The last which have received strength and encouragement from the Reformers are Papists; against whom, although they are most bitter enemies, yet unwittingly they have given them great advantage. For what can any enemy rather desire than the breach and dissension of those which are confederates against him? Wherein they are to remember that if our communion with Papists in some few ceremonies do so much strengthen them, as is pretended, how much more doth this division and rent among ourselves, especially seeing it is maintained to be, not in light matters only, but even in matters of faith and salvation? Which over-reaching speech of theirs, because it is so open an advantage for the Barrowist and the Papist, we are to wish and hope for, that they will acknowledge it to have been spoken rather in heat of affection, than with soundness of judgment; and that through their exceeding love to that creature of discipline which themselves have bred, nourished, and maintained, their mouth in commendation of her did so often overflow.

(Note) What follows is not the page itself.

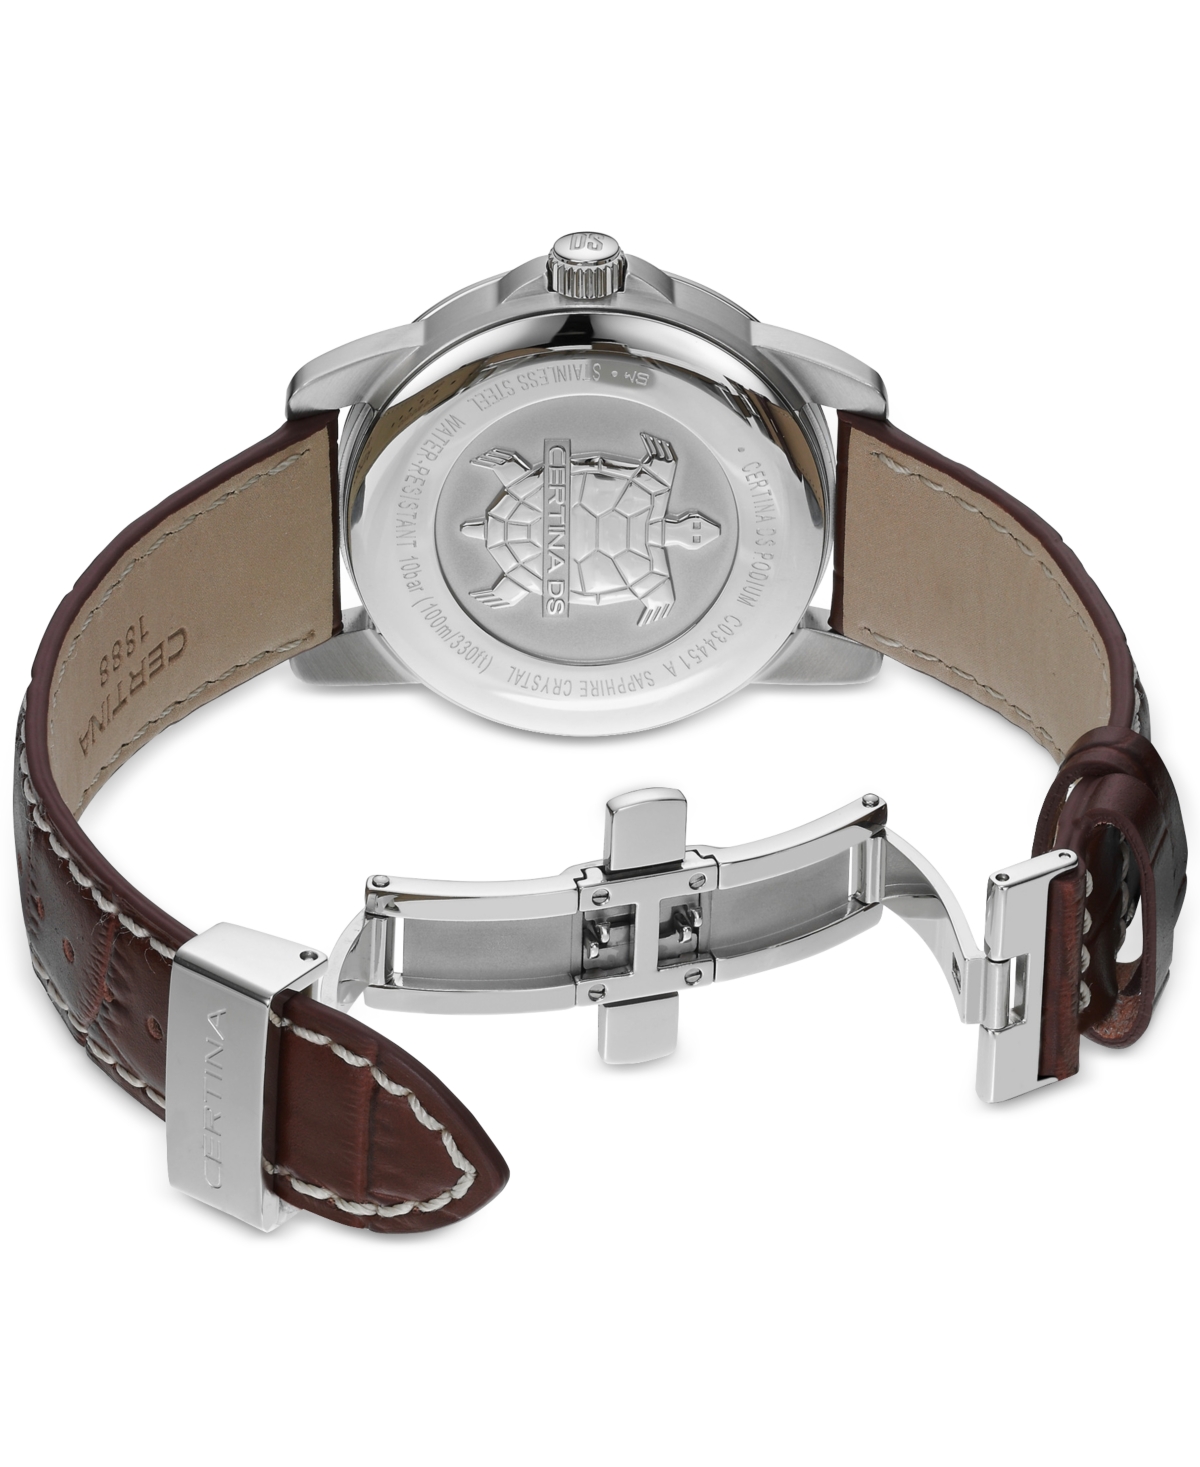 Shop Certina Men's Swiss Ds Podium Brown Leather Strap Watch 40mm In Black

[Sidenote: Points of controversy]

From hence you may proceed–but the means of connexion I leave to yourself–to another discourse, which I think very meet to be handled either here or elsewhere at large; the parts whereof may be these: 1. That in this cause between them and us, men are to sever the proper and essential points and controversy from those which are accidental. The most essential and proper are these two: overthrow of the Episcopal, and erection of Presbyterial authority. But in these two points whosoever joineth with them, is accounted of their number; whosoever in all other points agreeth with them, yet thinketh the authority of Bishops not unlawful, and of Elders not necessary, may justly be severed from their retinue. Those things, therefore, which either in the persons, or in the laws and orders themselves are faulty, may be complained on, acknowledged, and amended, yet they no whit the nearer their main purpose: for what if all errors by them supposed in our Liturgy were amended, even according to their own heart’s desire; if non-residence, pluralities, and the like were utterly taken away; are their lay-elders therefore presently authorized? or their sovereign ecclesiastical jurisdiction established?

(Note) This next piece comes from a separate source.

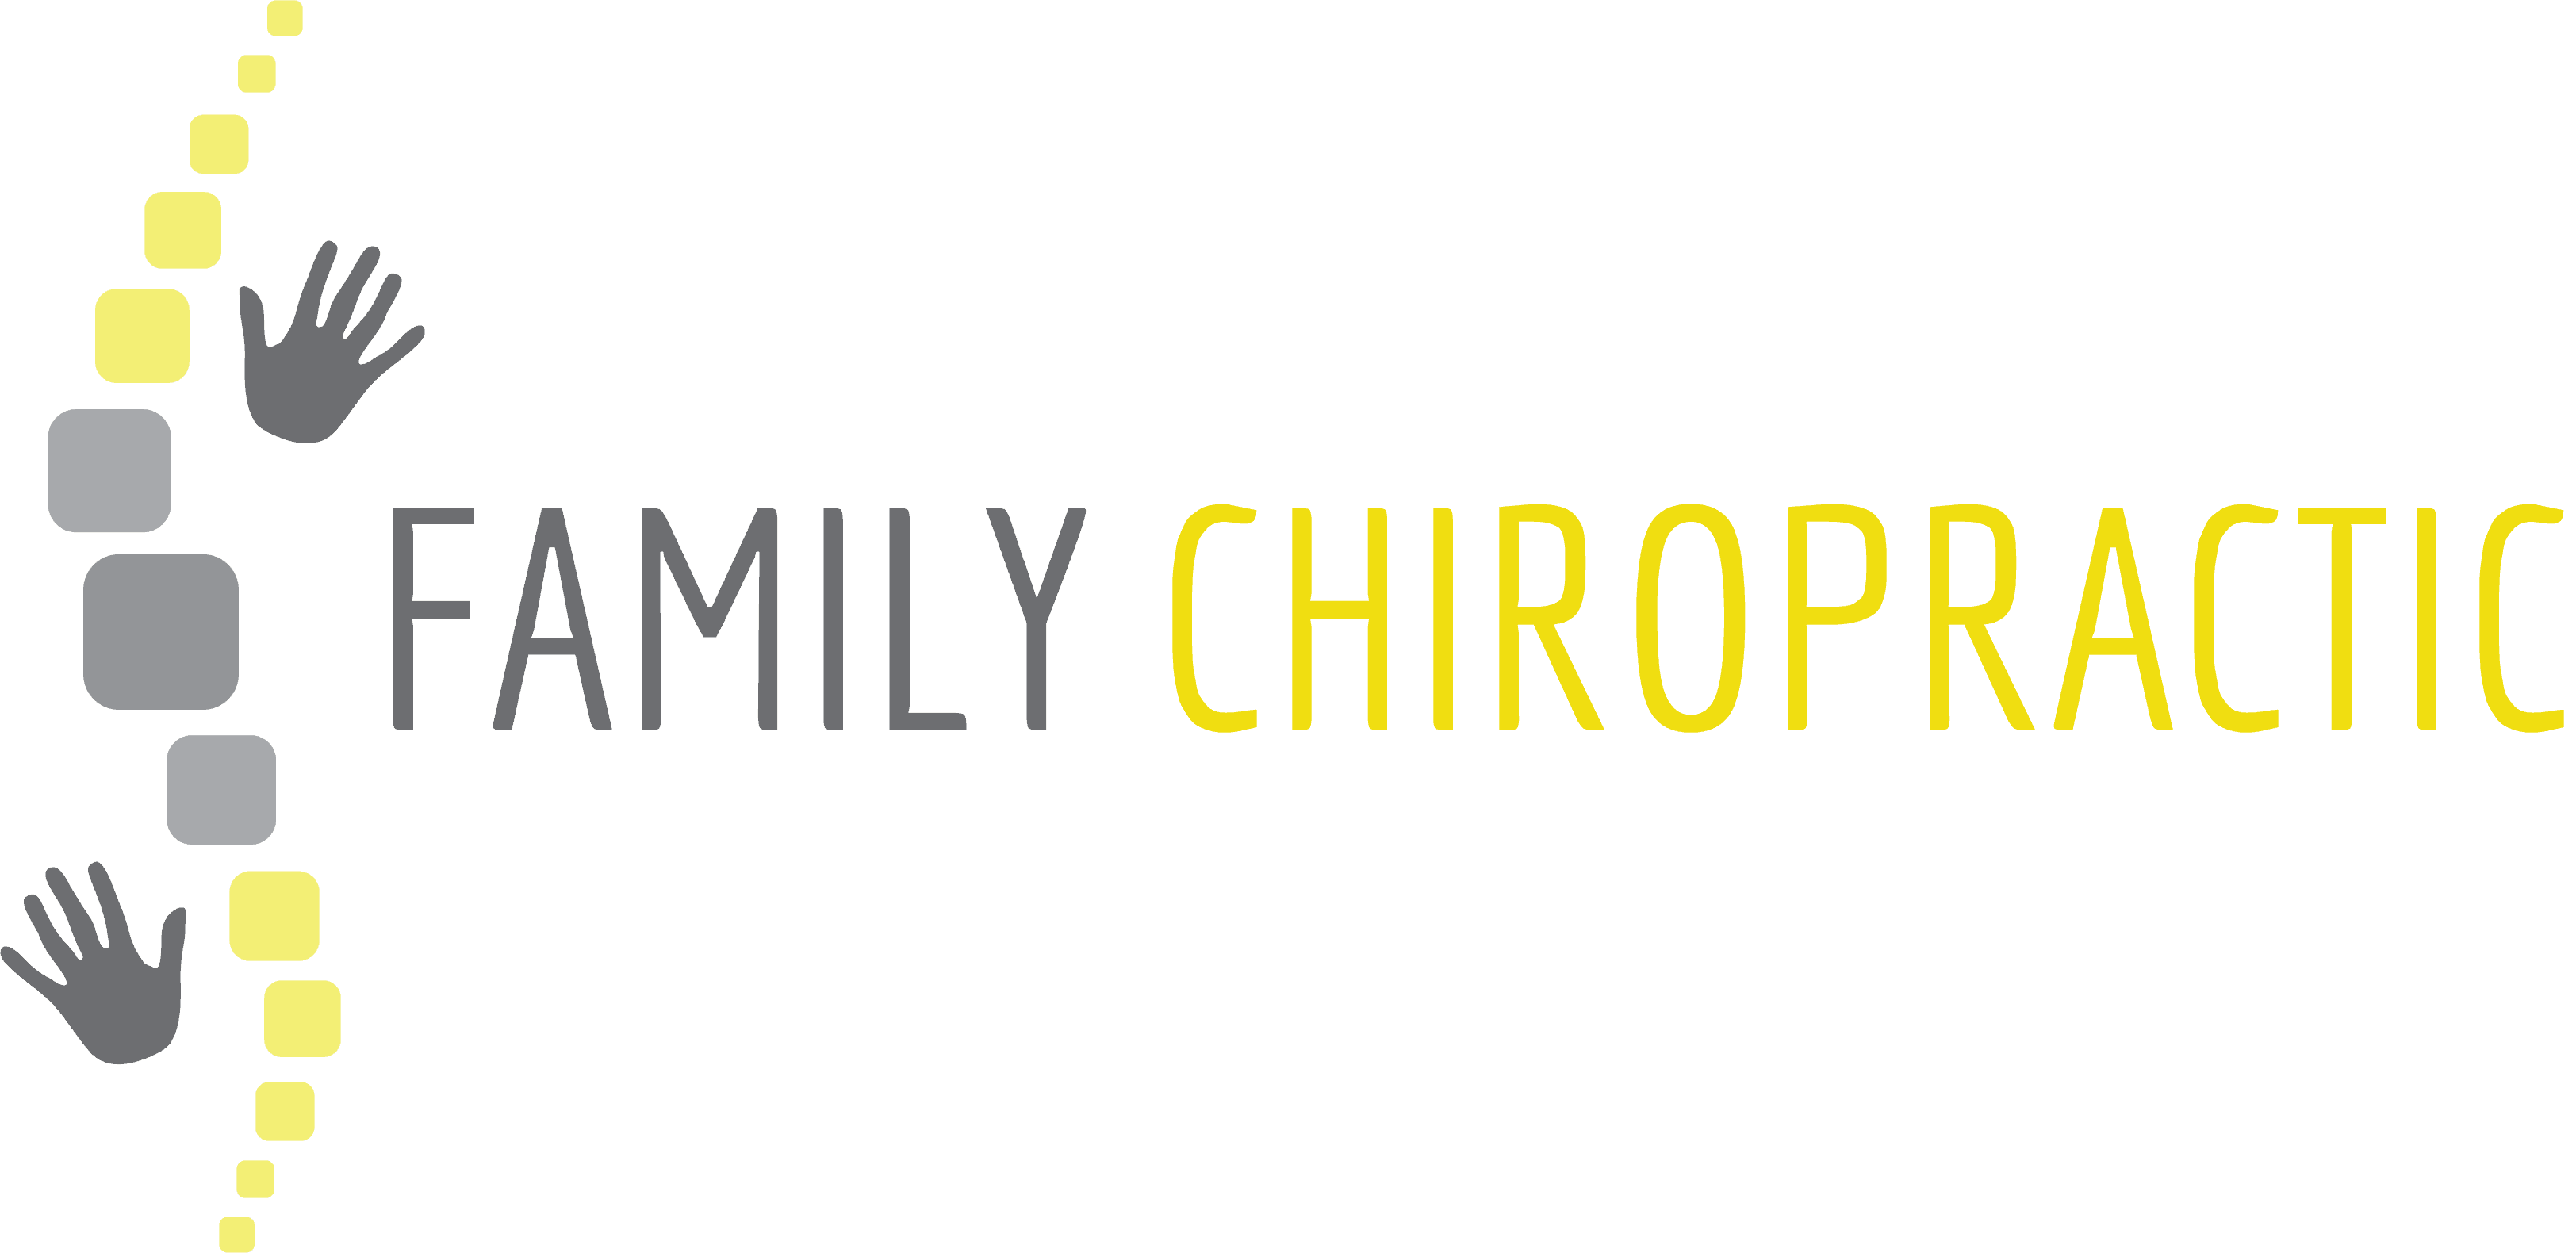 Family Chiropractic Logo

[Sidenote: Faults of the complainants]

But even in their complaining against the outward and accidental matters in Church-Government, they are many ways faulty. 1. In their end, which they propose to themselves. For in declaiming against abuses, their meaning is not to have them redressed, but, by disgracing the present state, to make way for their own discipline. As therefore in Venice, if any Senator should discourse against the power of their Senate, as being either too sovereign, or too weak in government, with purpose to draw their authority to a moderation, it might well be suffered; but not so, if it should appear he spake with purpose to induce another state by depriving the present. So in all causes belonging either to Church or Commonwealth, we are to have regard what mind the complaining part doth bear, whether of amendment or innovation; and accordingly either to suffer or suppress it. Their objection therefore is frivolous, “Why, may not men speak against abuses?” Yes; but with desire to cure the part affected, not to destroy the whole. 2. A second fault is in their manner of complaining, not only because it is for the most part in bitter and reproachful terms, but also it is to the common people, who are judges incompetent and insufficient, both to determine any thing amiss, and for want of skill and authority to amend it. Which also discovereth their intent and purpose to be rather destructive than corrective. 3. Those very exceptions which they take are frivolous and impertinent. Some things indeed they accuse as impious; which if they may appear to be such, God forbid they should be maintained.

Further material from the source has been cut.